В Фокунни же Мьюр отправился всё-таки один: до окончания школы Бьёрлигу оставалось меньше полугода, да и поступать потом он собирался на факультет магического программирования в Анафском университете, поэтому переезжать сыну, разумеется, не стоило. Бьёрлиг, с одной стороны, огорчился, а с другой — признал, что взрослые правы, и скрепя сердце остался с бабушкой и дедушкой.
Мьюр только-только отъехал от Анафа, а уже скучал по сыну, с которым толком и пообщаться-то перед отъездом не успел: сначала был в санатории, куда его упекли лечить то, что целители МОП деликатно именовали «профессиональной усталостью», потом ездил в очередную командировку, а потом готовился к переезду, не столько собирая вещи, сколько в срочном порядке дописывая отчеты и подшивая дела.
Начальство стремилось сплавить его на новое место побыстрее, да и сам Мьюр не хотел откладывать переезд: после случая с Лаугейром Юусгримссоном находиться в Анафе ему стало тяжело. Нет, конечно, в санатории его и правда подлечили, так что тягучая тоска больше уже не затапливала Мьюра с головой. Но всё равно как-то так получалось, что на что бы он ни бросил взгляд в родном городе, всё напоминало ему о погибшем парне, легкомысленном наивном дурачке, которого он в итоге не сумел спасти от настигшего его проклятия.
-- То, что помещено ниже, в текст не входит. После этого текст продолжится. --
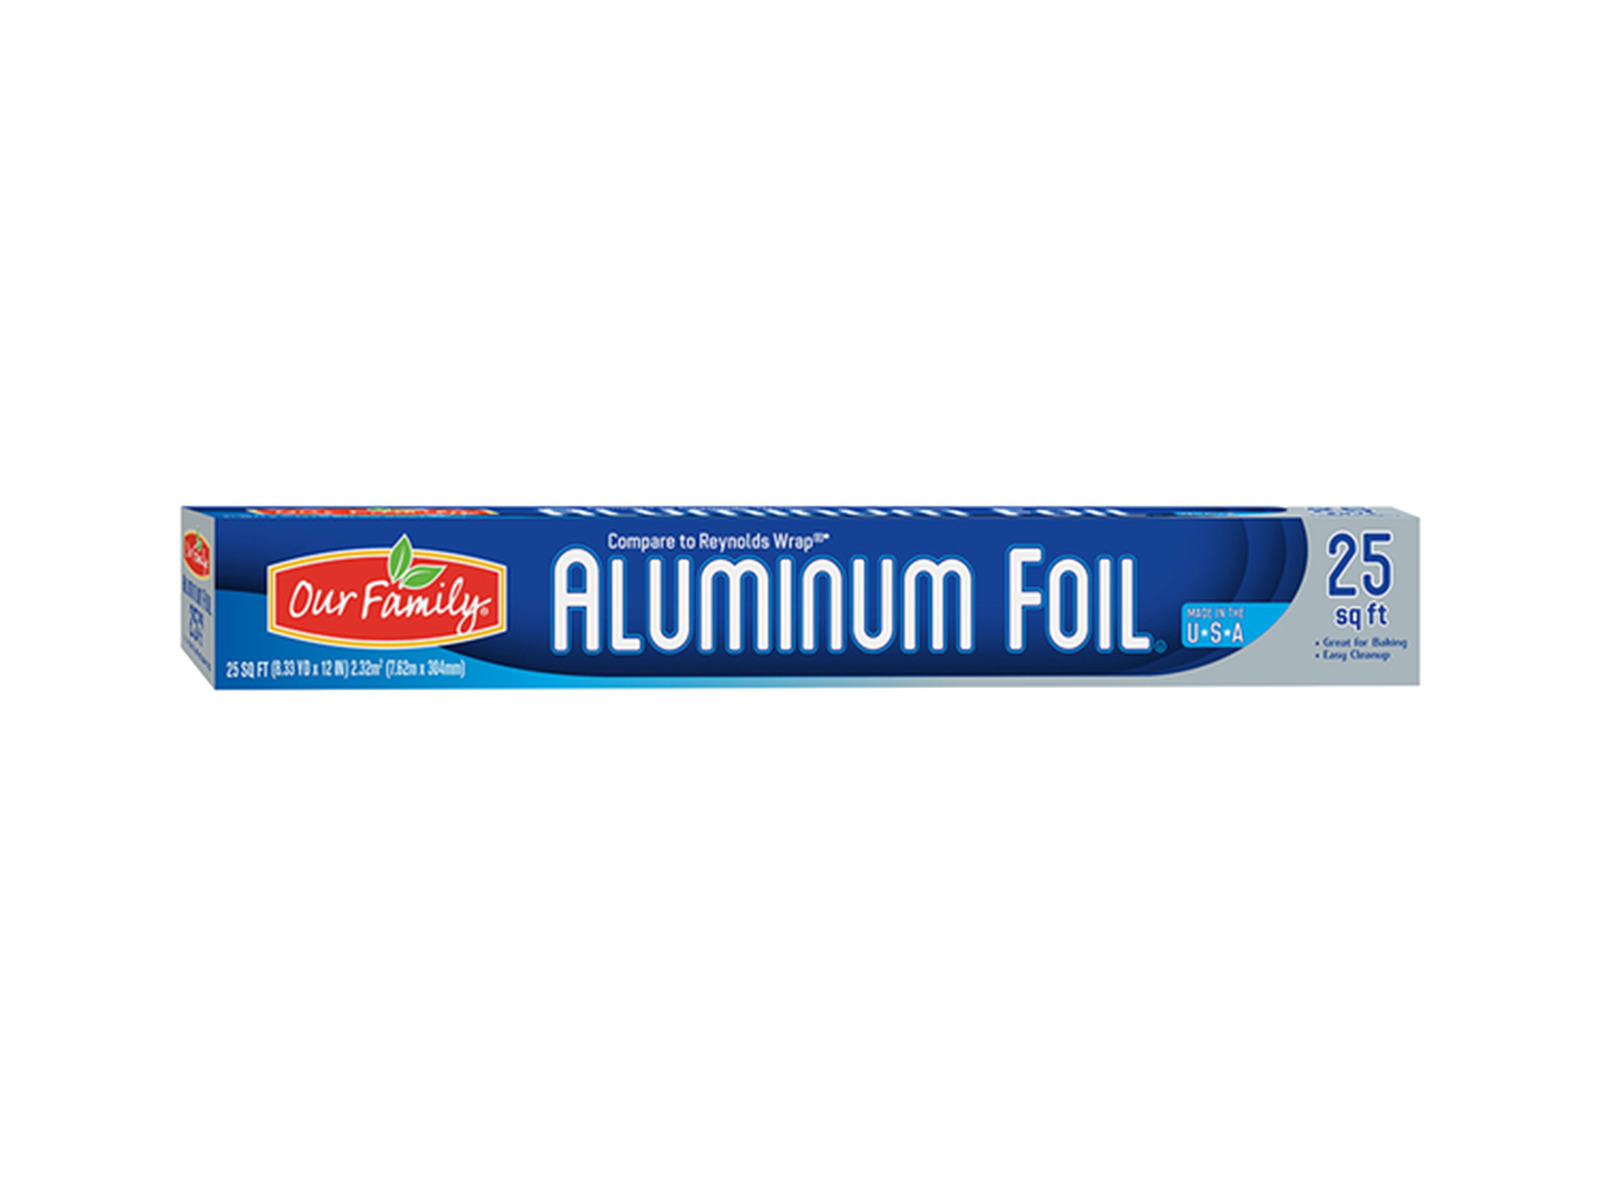 https://www.yoderscountrymarket.net/Aluminum-Foil-25ft/image/item/FDDV869535

Замести следы подельнице Юусгримссона не удалось — Мьюр арестовал ее даже раньше, чем узнал о смерти Лаугейра. Арестовал и поначалу не мог поверить, что эта хрупкая русоволосая девушка с трогательными веснушками на курносом носу действительно уничтожила с помощью проклятия всю свою семью, а когда помогавший ей жених попался, убила и его.
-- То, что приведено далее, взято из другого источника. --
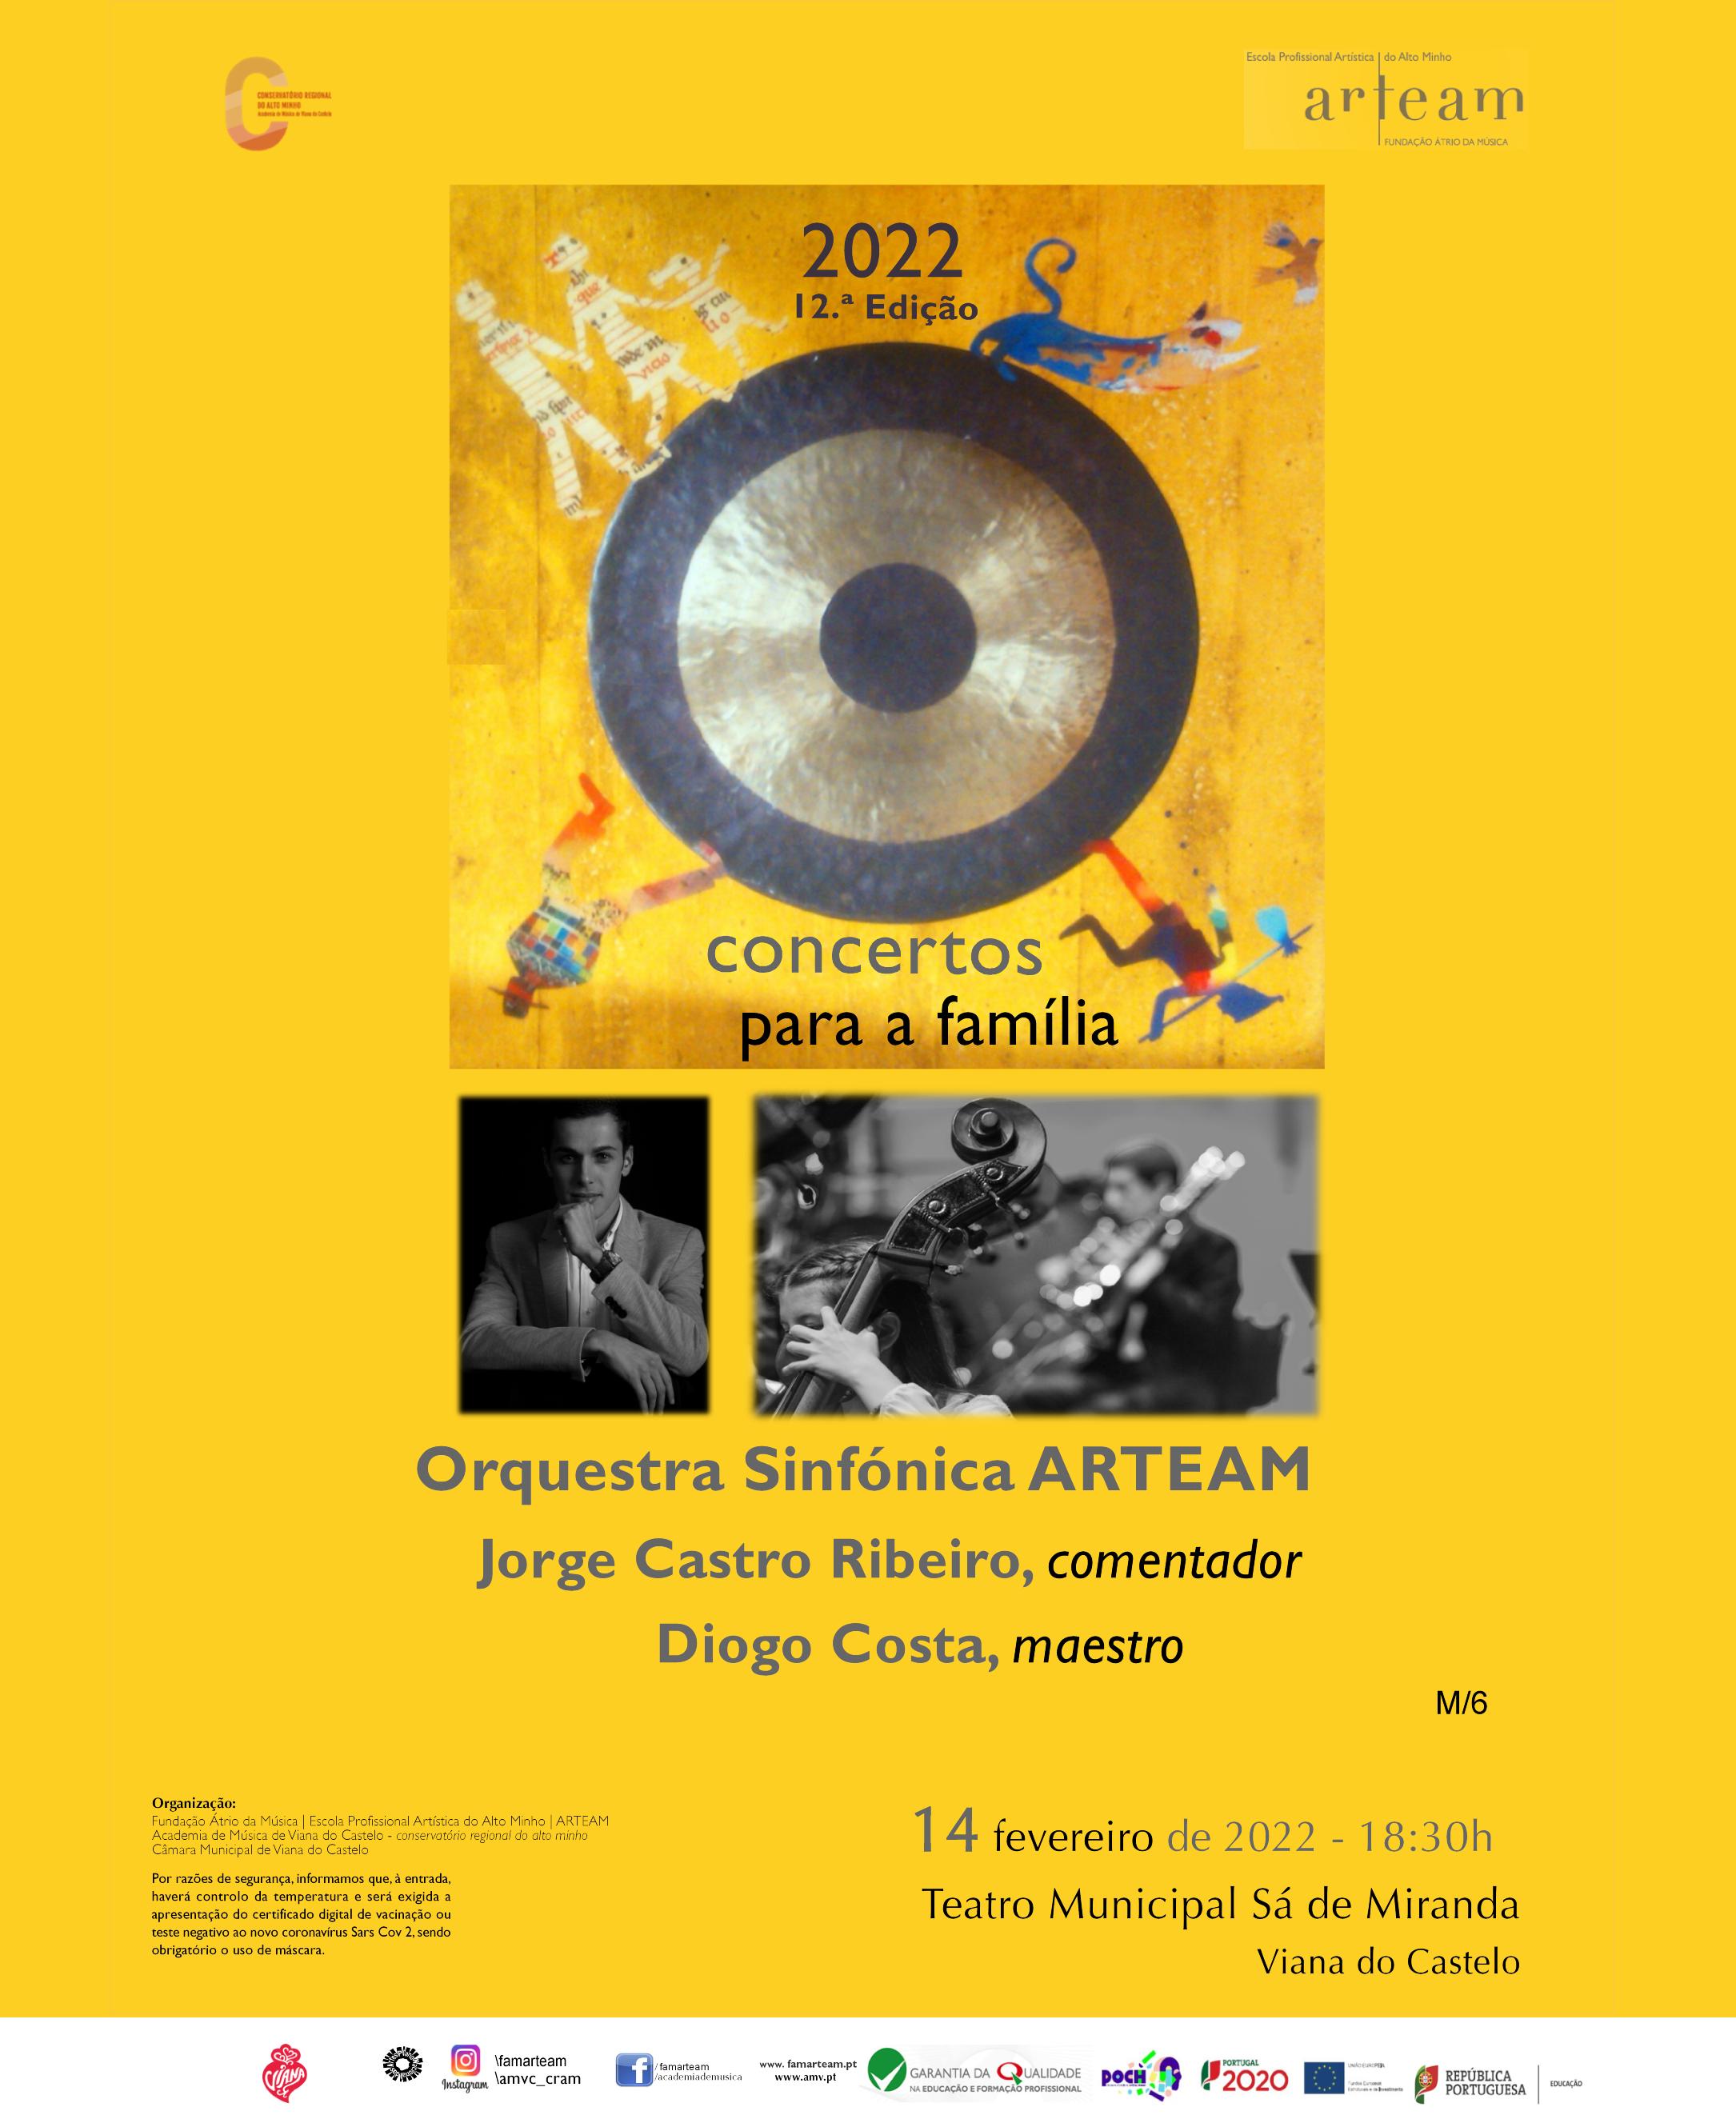 Concerto para a família no Teatro Municipal Sá de Miranda em Viana do Castelo

Однако всё было именно так — Яуконар Вигюрбьёрг продела всё это без малейших угрызений совести, а в смерти Юусгримссона винила вовсе не себя, а Мьюра, сумевшего получить признание задержанного на следующий же день после ареста. Откровенно говоря, особой заслуги Мьюра в этом не было — Юусгримссона доконали страх перед будущим и чувство вины, но Вигюрбьёрг было проще поверить в то, что это коварный следователь неведомым образом вынудил Лаугейра признаться, чем в то, что в глубине души жених ее поступков не одобрял, хотя и помогал ей в совершении преступления.
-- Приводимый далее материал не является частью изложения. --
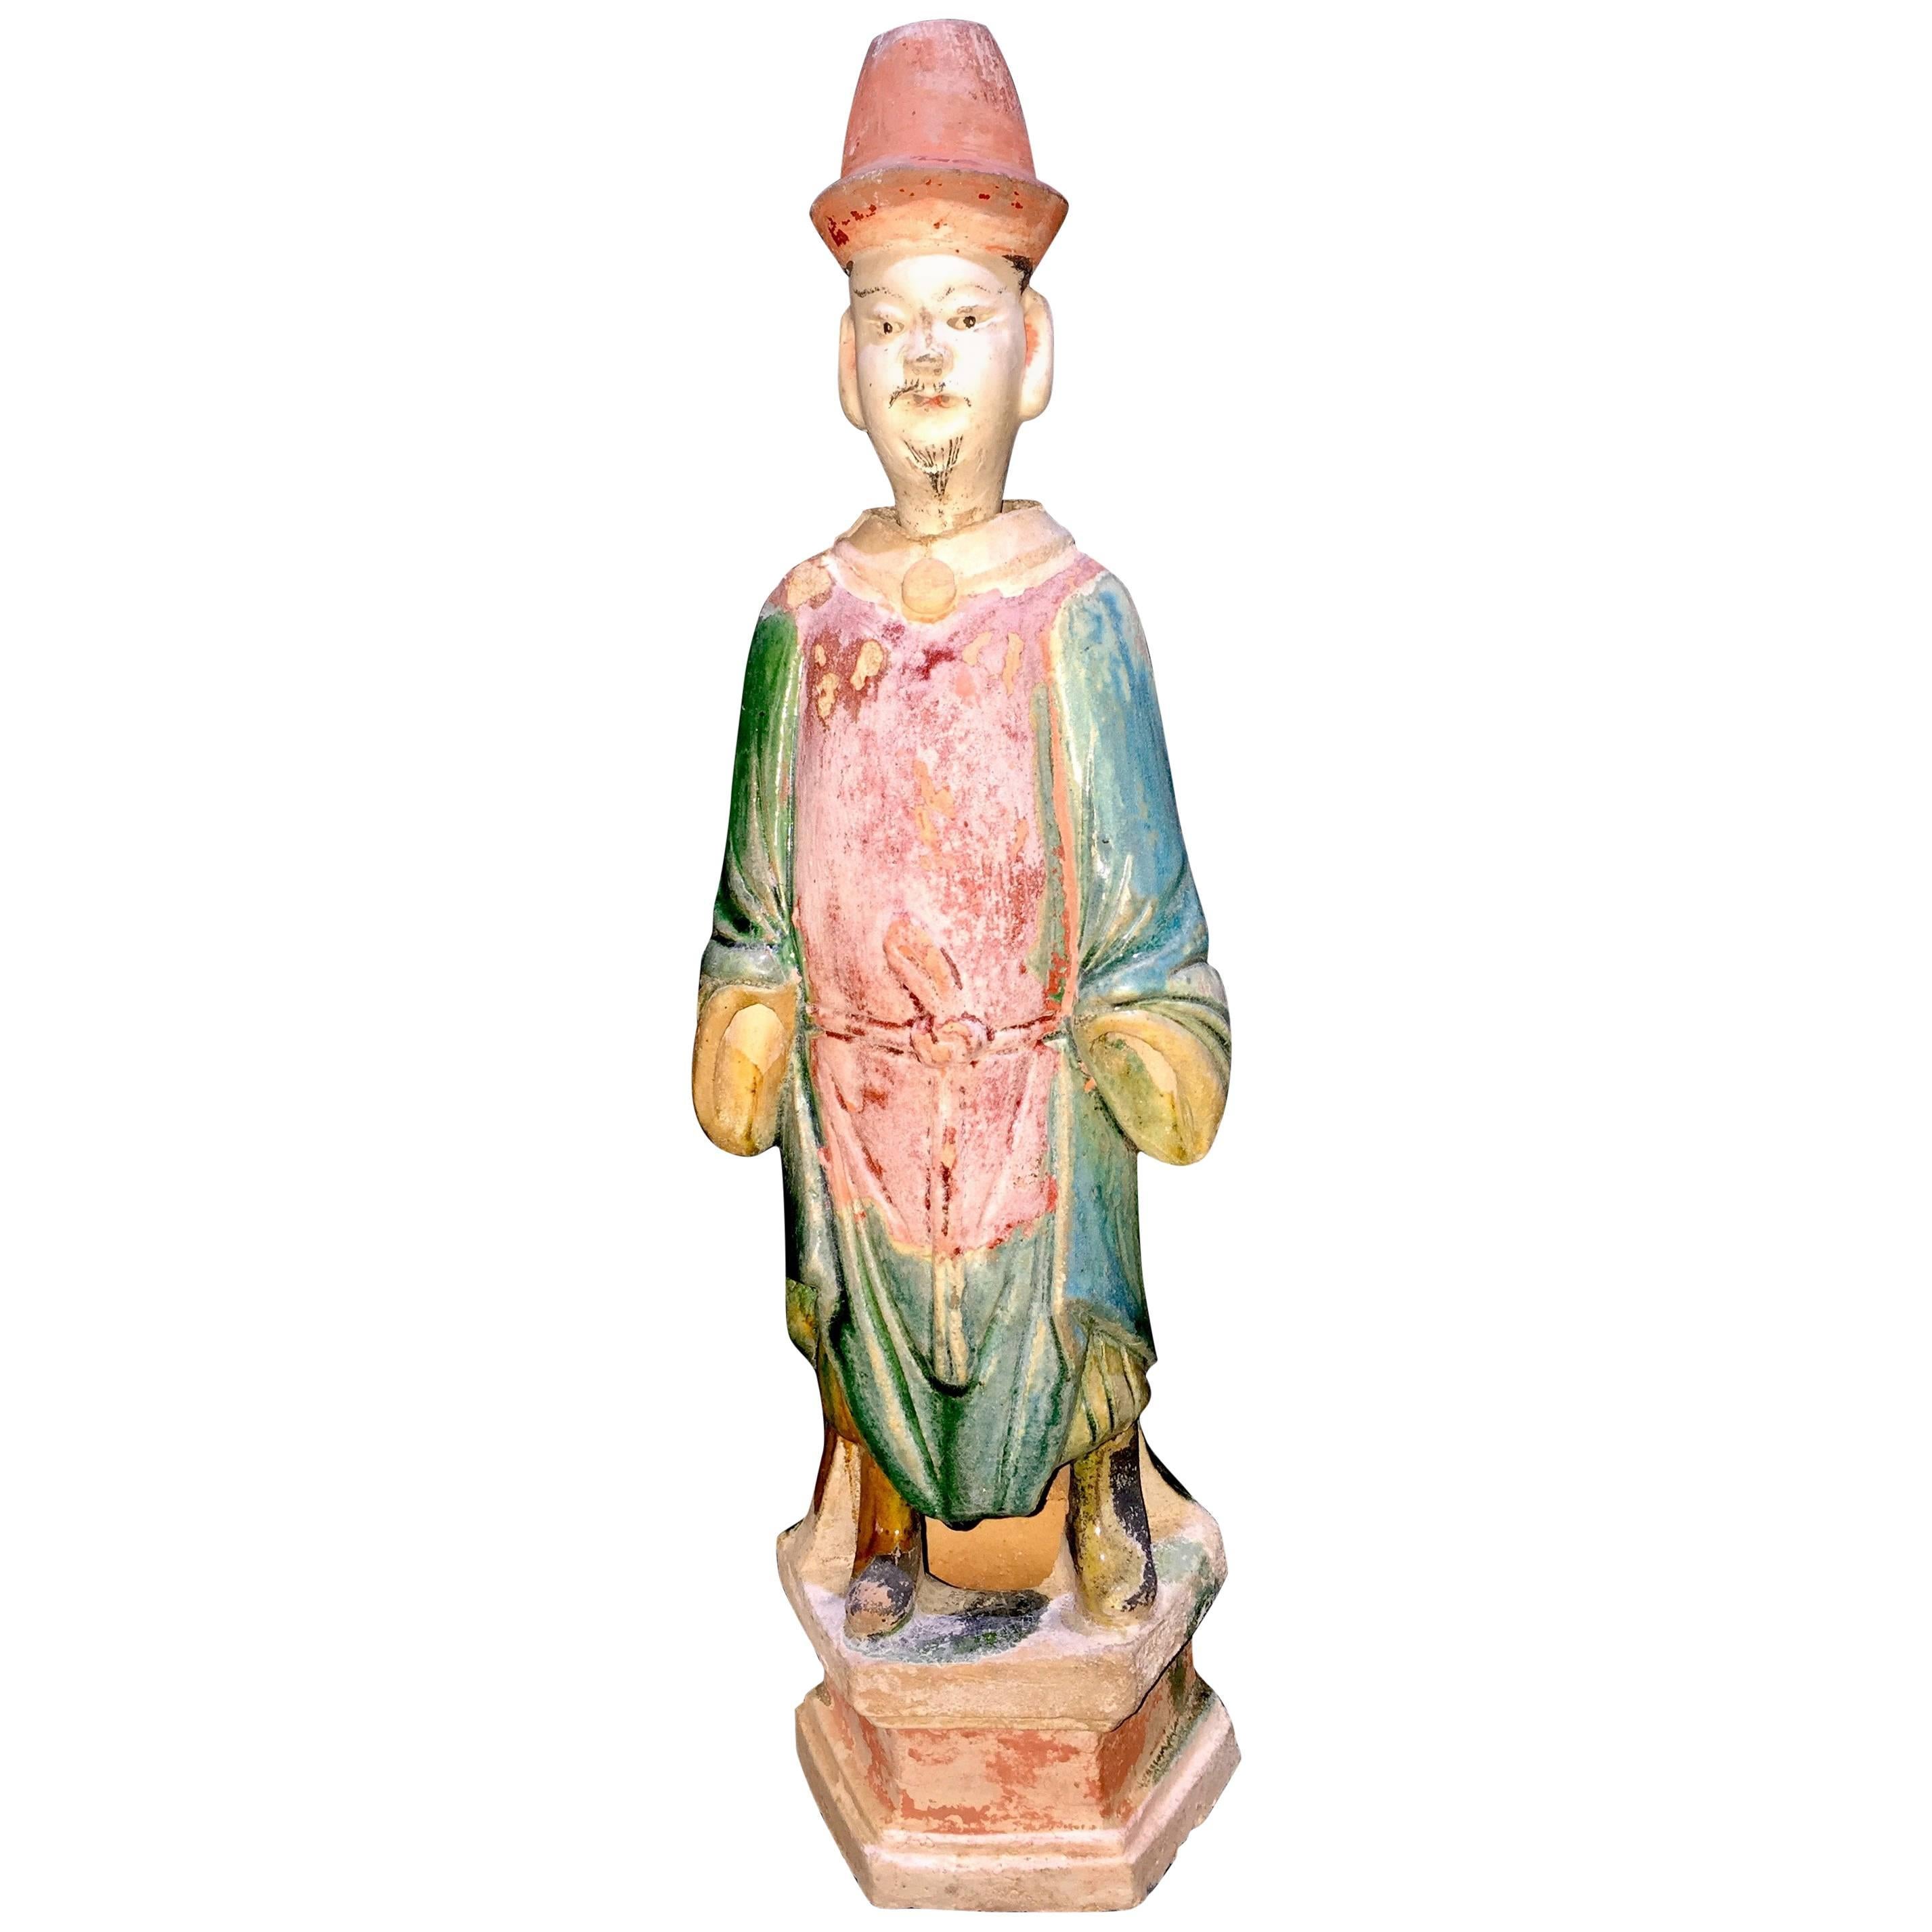 Elegant Ming Dynasty Court Attendant, Glazed Terracotta - China '1368-1644 AD'

Даже учитывая ту неприглядную правду, которая открылась ему после развода, Мьюр категорически не понимал, как можно так поступить со своей семьей.
Родители, бабушка, два брата: младший и старший — ради дедова наследства Яуконар уничтожила всех. Наследство, конечно, было немаленьким: квартира в центре Анафа, большой загородный дом в самом престижном пригороде столицы и еще один — в элитном поселке на берегу Лазурного моря — в совокупности тянули больше чем на сто миллионов нузов. Но даже если отбросить моральный аспект содеянного, Мьюр не понимал, как девушка вообще на это решилась, ведь она была самой очевидной подозреваемой, а любое проклятие оставляет следы. Да и цена за наложение проклятия была высока — безвозвратная утрата части магического дара, тем большей, чем сильнее было наложенное проклятие.
Уверенность этой годившейся ему в дочери девицы в собственной безнаказанности поразила Мьюра. Конечно, она использовала специальный ритуал, чтобы стереть свою связь с наложенным на родных проклятием, но всё равно, даже без признания Юусгримссона они бы нашли ее по тем следам, которые остались уже от этого ритуала. Однако Вигюрбьёрг признавать этого упорно не хотела и на всех допросах обвиняла Мьюра в том, что это он во всем виноват, потому что заставил Лаугейра признаться и тем самым вынудил ее убить жениха. В конце концов Хундграхт был вынужден передать дело другому следователю, но и коллега никуда не продвинулся, не сумев пробиться через нежелание подозреваемой признавать свою вину.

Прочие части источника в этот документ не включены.